It especially sucks 'cos I know I've met 'right' guys but they just can't see the real me and it's all my fault. Argh!


----------



## I hate people (Aug 12, 2010)

Just BE YOURSELF, follow your heart, live your life and when the right guy comes along trust me, you'll know 

I've been with my boyfriend for 7 years and I love him more than anyone can imagine, it's so obvious that we were meant to be. Im lucky that we found each other, but having SA I can barely ever go out with him like to the mall or to a movie or even to the grocery store, and I honestly dont even know his family. Out of the whole 7 years I've only been to one of his family dinners. Sometimes it causes us to argue but he only argues beacuse it makes him sad, he really loves me and I can understand how not doing things like that with him could make him upset. But because he really loves me he totally understands he would never try and force me into a situation where'd I'd feel extremely uncomfortable. So with that said, it might be harder but its definitely possible to have a great relationship with somebody.


----------



## vicente (Nov 10, 2003)

I hate people said:


> Just BE YOURSELF, follow your heart, live your life and when the right guy comes along trust me, you'll know


I'm sorry, but that is not advice. A lot of people here have been living their whole lives and the right woman never came along. Fairy tales are just that - the stuff of fairies.


----------



## Hot Chocolate (Sep 29, 2008)

I'm 23 and never had a relationship before even though I got some chances but we were either too immature (since when we were high school) or I graduate high school at 17 and since then.....nothing happened. 

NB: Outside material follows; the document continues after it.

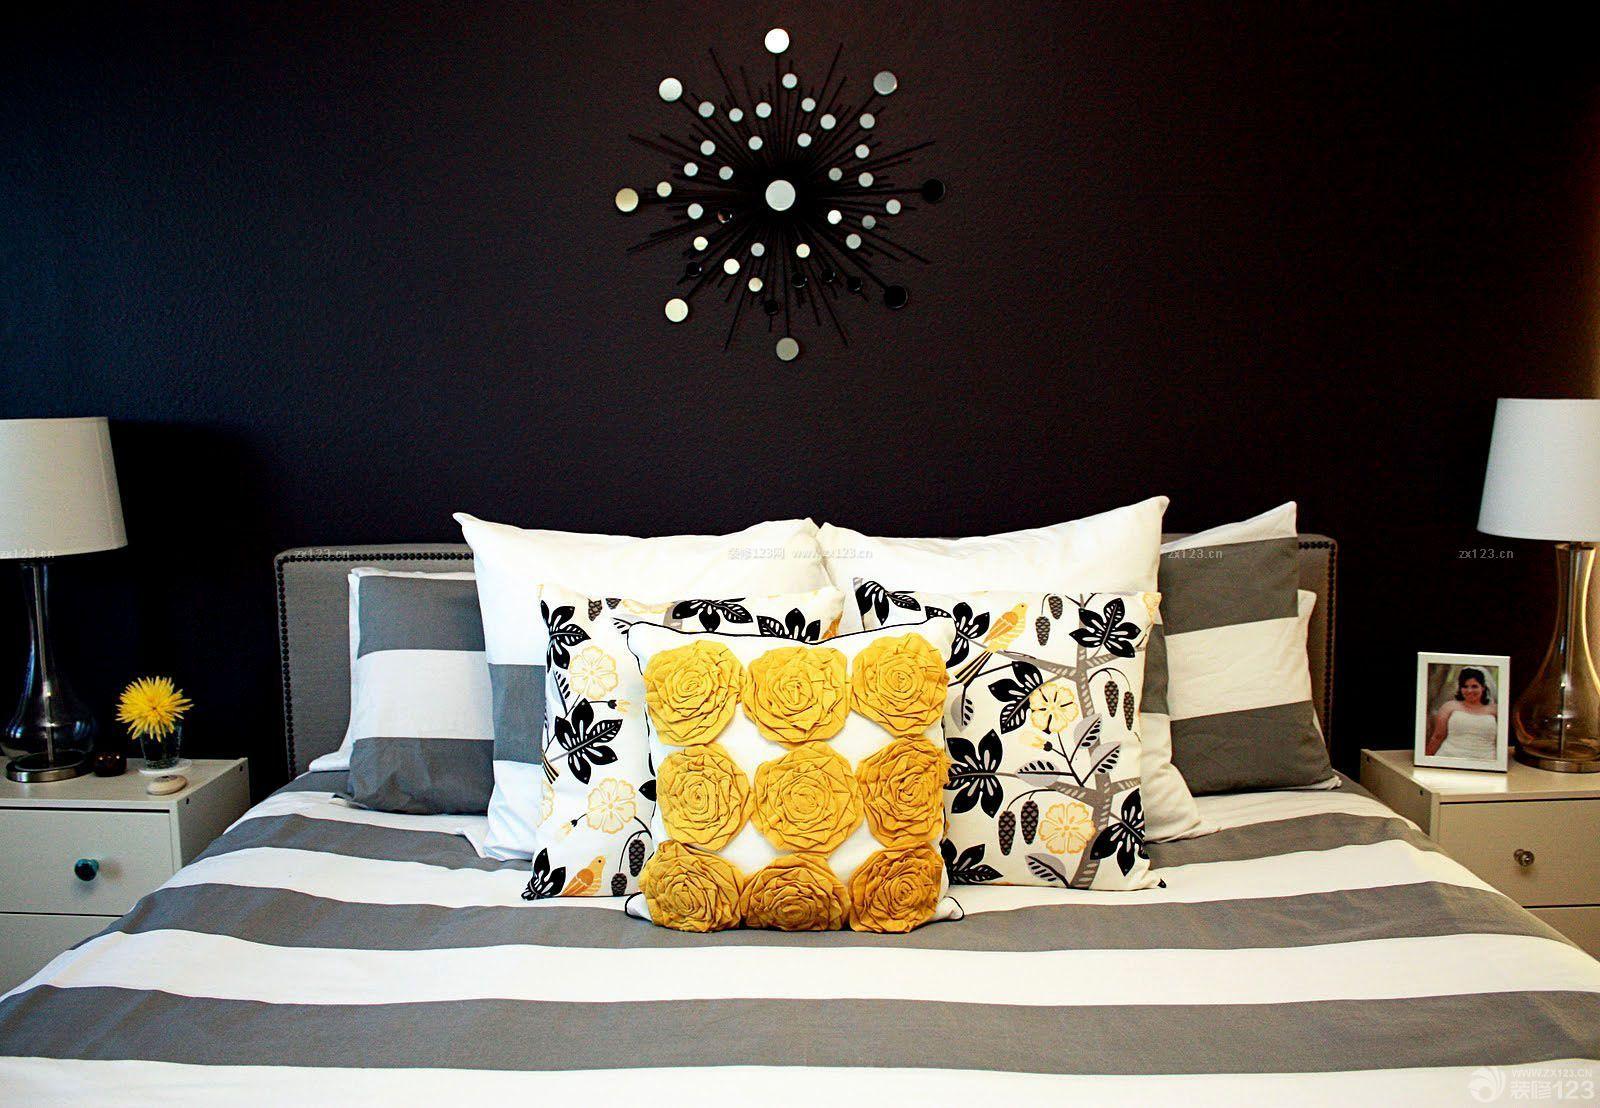 最新时尚家庭黑色墙面装饰装修效果图

My life right now is so uninteresting it's not funny.

Sometimes I wish I could just stay at home and just go to sleep and not wake up forever.


----------



## XxArmyofOnexX (Aug 13, 2007)

Is water wet?


----------



## seafolly (Jun 17, 2010)

This is my most pointless post ever. But.

Dudes, this thread is from 2006.


----------



## mbp86 (May 11, 2010)

I think the hardest part is just getting into a relationship (For SA men). If we can get one, then I would imagine the rest would be easy. But I could and I probably am wrong about that.


----------



## sarafinanickelbocker (May 16, 2010)

*Yes!!!*

Not _just_ potentially romantic relationships, but friends and family as well. This is my *BIGGEST* problem with SA. I _HAAAAAAAAATE_ IT! I feel like I should just leave people _alone_ sometimes, because I'm such a mess. They don't get me, *nor should they*. I *hate* it when I sense that I'm frustrating people, because of *stupid, flyin' SA*. Bad, bad, bad with a capital "B!"​
*AAAAARRRRGGGGGHHHHH!!!* *pulls out hair*

:bash​


----------



## KittyGirl (May 14, 2010)

My one relationship lasted almost 8 years; and in that time- he was with me through alot of the changes, development in my SA, health and mental issues and I'd have to say the reason I'm still alive is because I had his support through all of it-- as he had my support through his troubles as well. 

It might've been harder if he didn't know about my SA and I just sprang it on him one day- or distanced myself from him and didn't make an effort to put myself out there even though it was painful; to be with him in doing the things he liked to do.
Alot of time and effort went into that relationship.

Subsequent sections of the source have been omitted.